I was interviewed by journalist Lindsay Beyerstein on the subject of homebirth and the recent publication of statistics by the Midwives Alliance of North America.
You can find the interview here:
http://www.pointofinquiry.org/amy_tuteur_md_-_the_skeptical_ob/
It’s a long interview. There’s just as much after the commercial break as before.
Thanks to Point of Inquiry and Lindsay Beyerstein for the opportunity to share my thoughts!
Nice interview. Listened while I folded and put away laundry, glamerous I know.
New York Times, LA TIMES, Chicago Tribune ect Amy, get as much exposure as you can. And it would be helpful for CNMs if you would question WHY this has been allowed to go with the leadership of the ACNM being aware of all the deaths, ie prosecutions of midwives 300 were counted by the associated press between the years 1982-1992 that resided over either a mortality and or a morbidly by reviewing court documents, and 75 midwives WERE indicted in Texas on birth certificate fraud by selling fake certificates to Mexican immigrants.
And all the studies by ACOG that show increase in mortality rates at homebirths attended by non nurse midwives, and all the deaths that you have exposed. Not to mention all the blogs and website by the poor consumers who share a wealth of qualitative data describing relational trauma “the midwife spell” that so eloquently describes PTSD after being exploited by a perpetrator.
I thank you Amy for all your work and for your ability to stand up to the injustice that is currently occurring within midwifery. I myself am leaving the profession because of the corruption but plan to continue active in the fight to expose this everyway that I can. However, you are the leader and expert and midwifery needs you right now to be as LOUD WITH AS MANY AS POSSIBLE.

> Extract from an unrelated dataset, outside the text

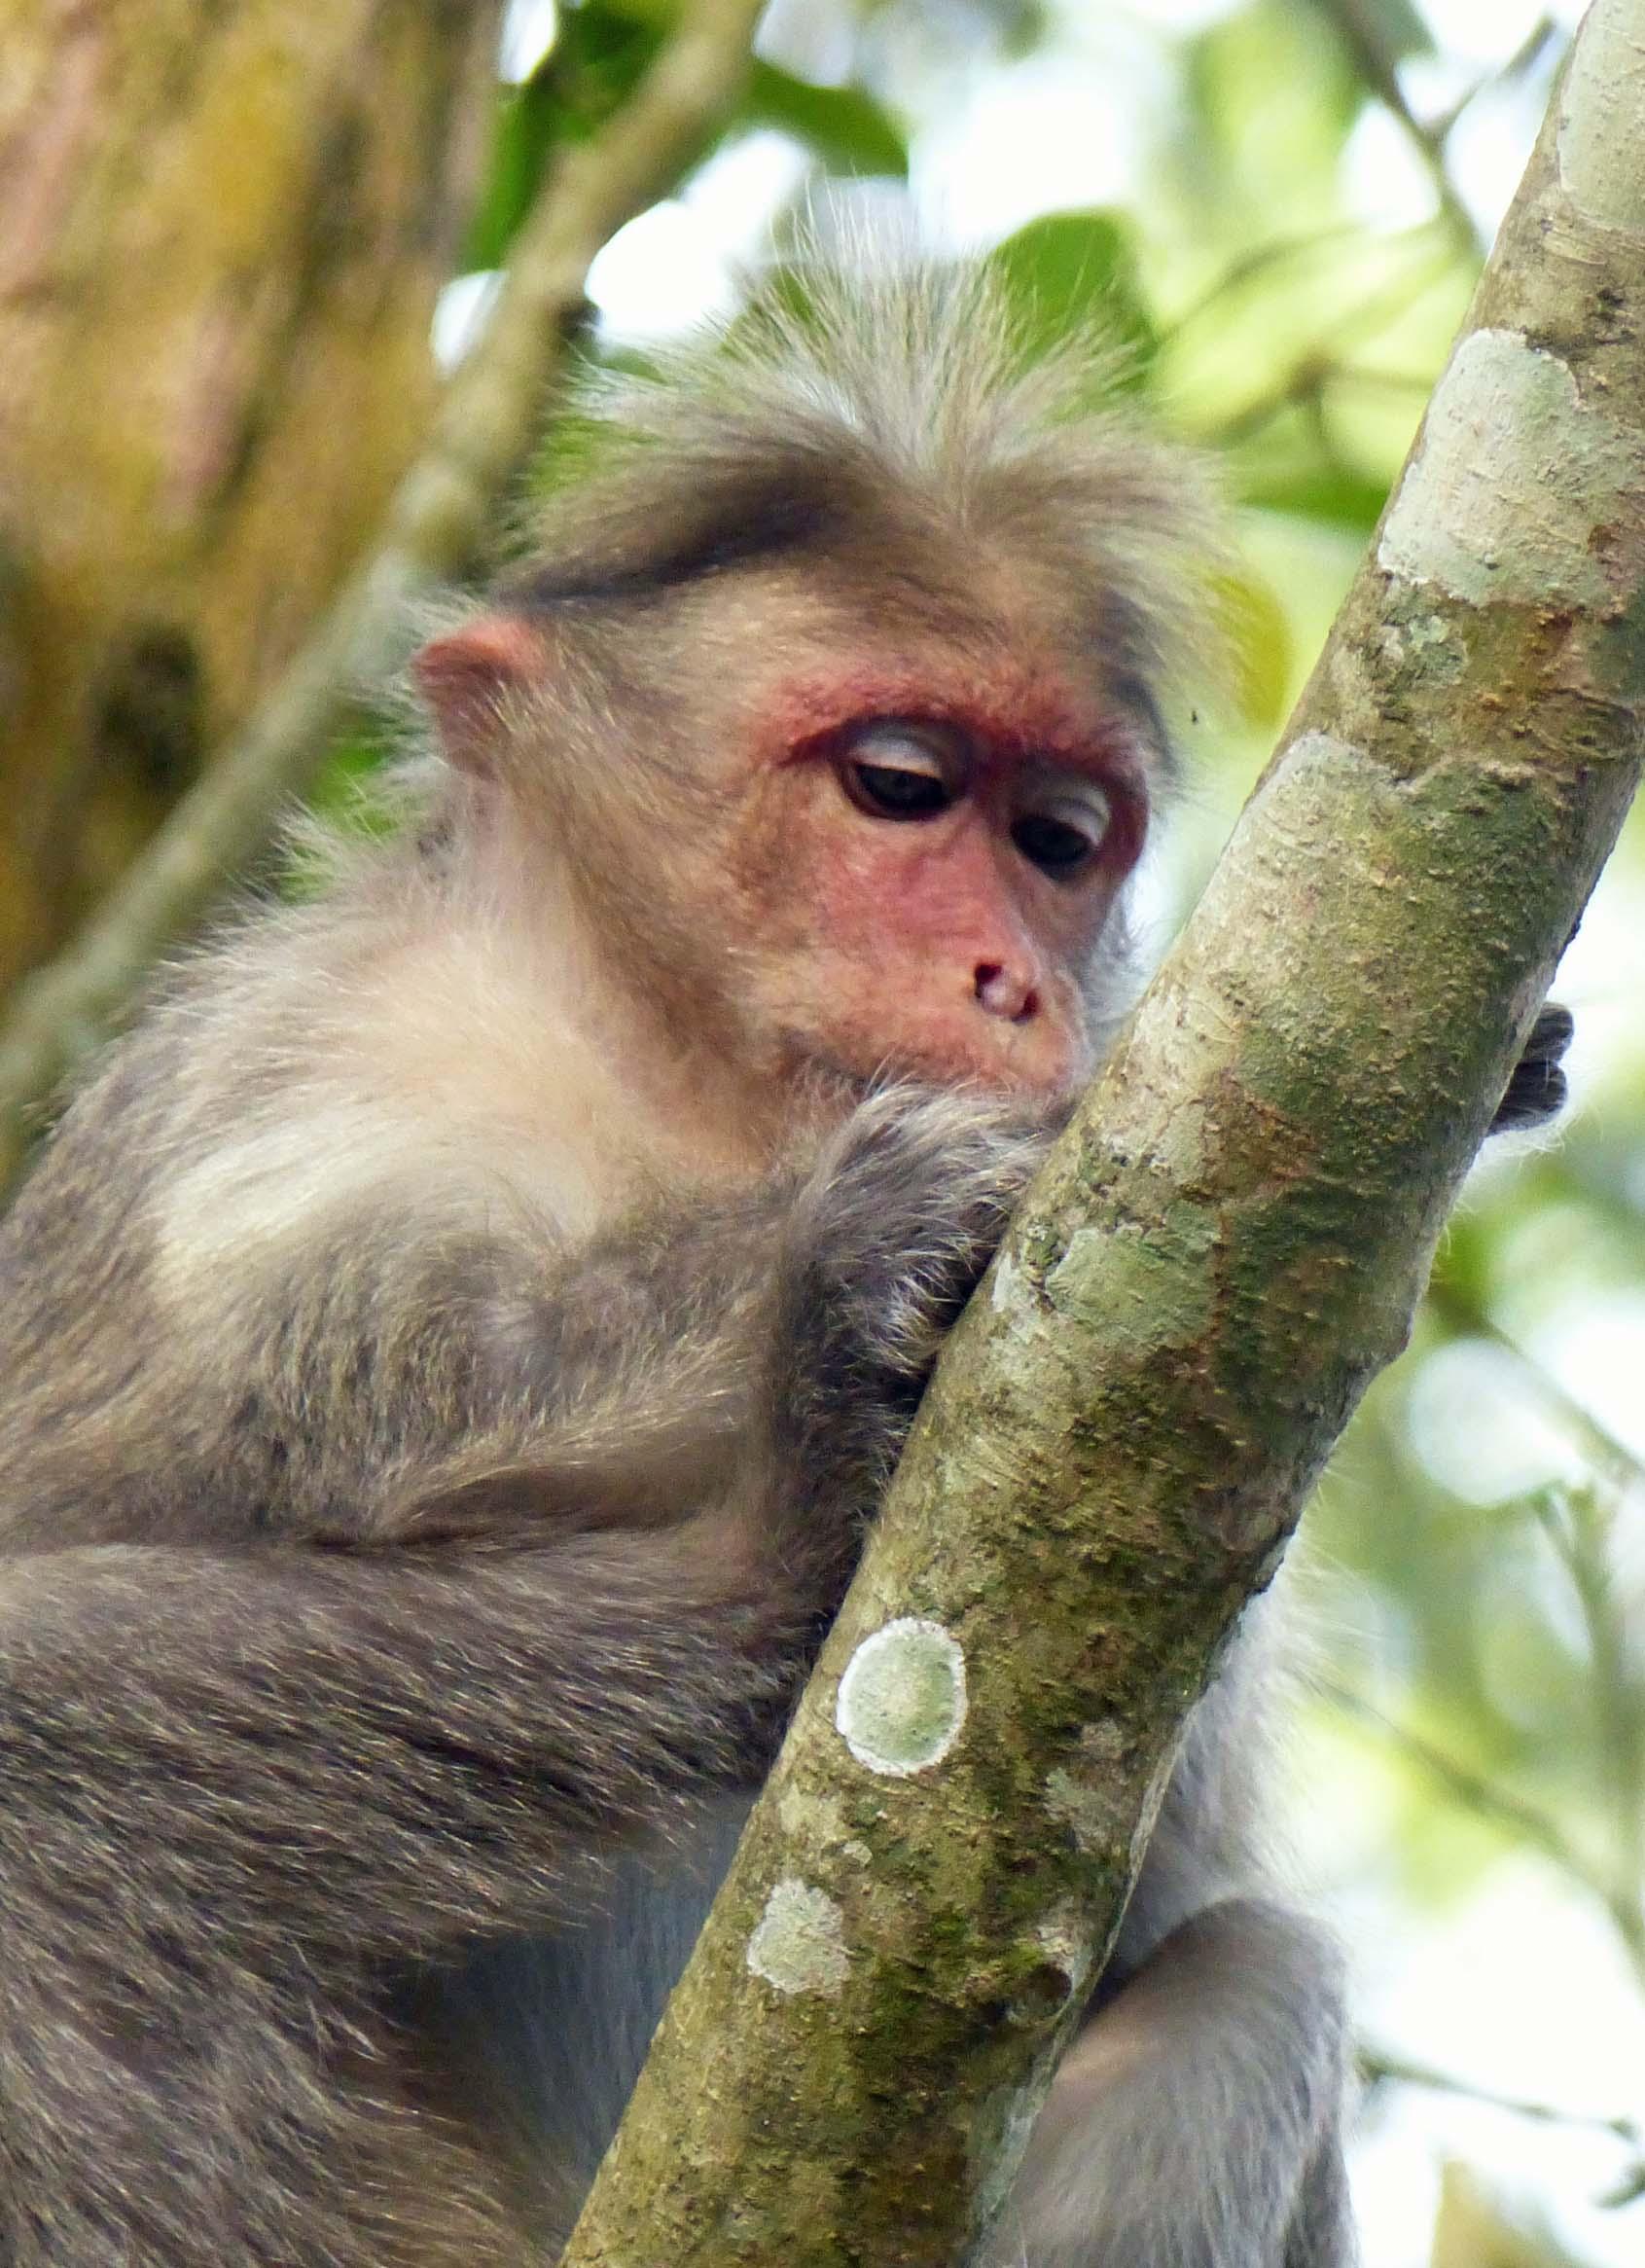 Baby monkey in a tree

CURRENTLY IT IS CRITICAL BECAUSE OTHERS WILL BE MANIPULATED INTO BELEIVING THE ARTICLE IS ABSOLUTE, THUS, INNOCENT MIDWIVES WITHIN THE COLLEGE ARE HAVING THEIR REALITY DISTORTED BY ACNM LEADERS ALSO. THIS IS OCCURING IN ORDER TO FEED OTHERS PERSONAL GAIN. THE HOMEBIRTH LIST SERVE WITHIN THE COLLEGE IS ACCOMPLISHING THIS AS WE SPEAK DISCOUNTING YOU AND ABUSIVLY LEADING OTHERS THROUGH EXPLOITING THEM EMOTIONALLY. I AM NOT ON THIS LISTSERVE I WAS JUST INFORMED OF THIS YESTERDAY BY ANOTHER MEMBER.
Science & Sensibility: postpartum psychosis is caused by eating too much processed food and can by fixed with B12 injections. Also, Prozac contains fluoride and we all know how evil and toxic that is. http://www.scienceandsensibility.org/?p=7942
Um…what? B12 injections don’t fix any psychosis not caused by B12 deficiency and prozac is fluoxetine (not fluoride) HCl.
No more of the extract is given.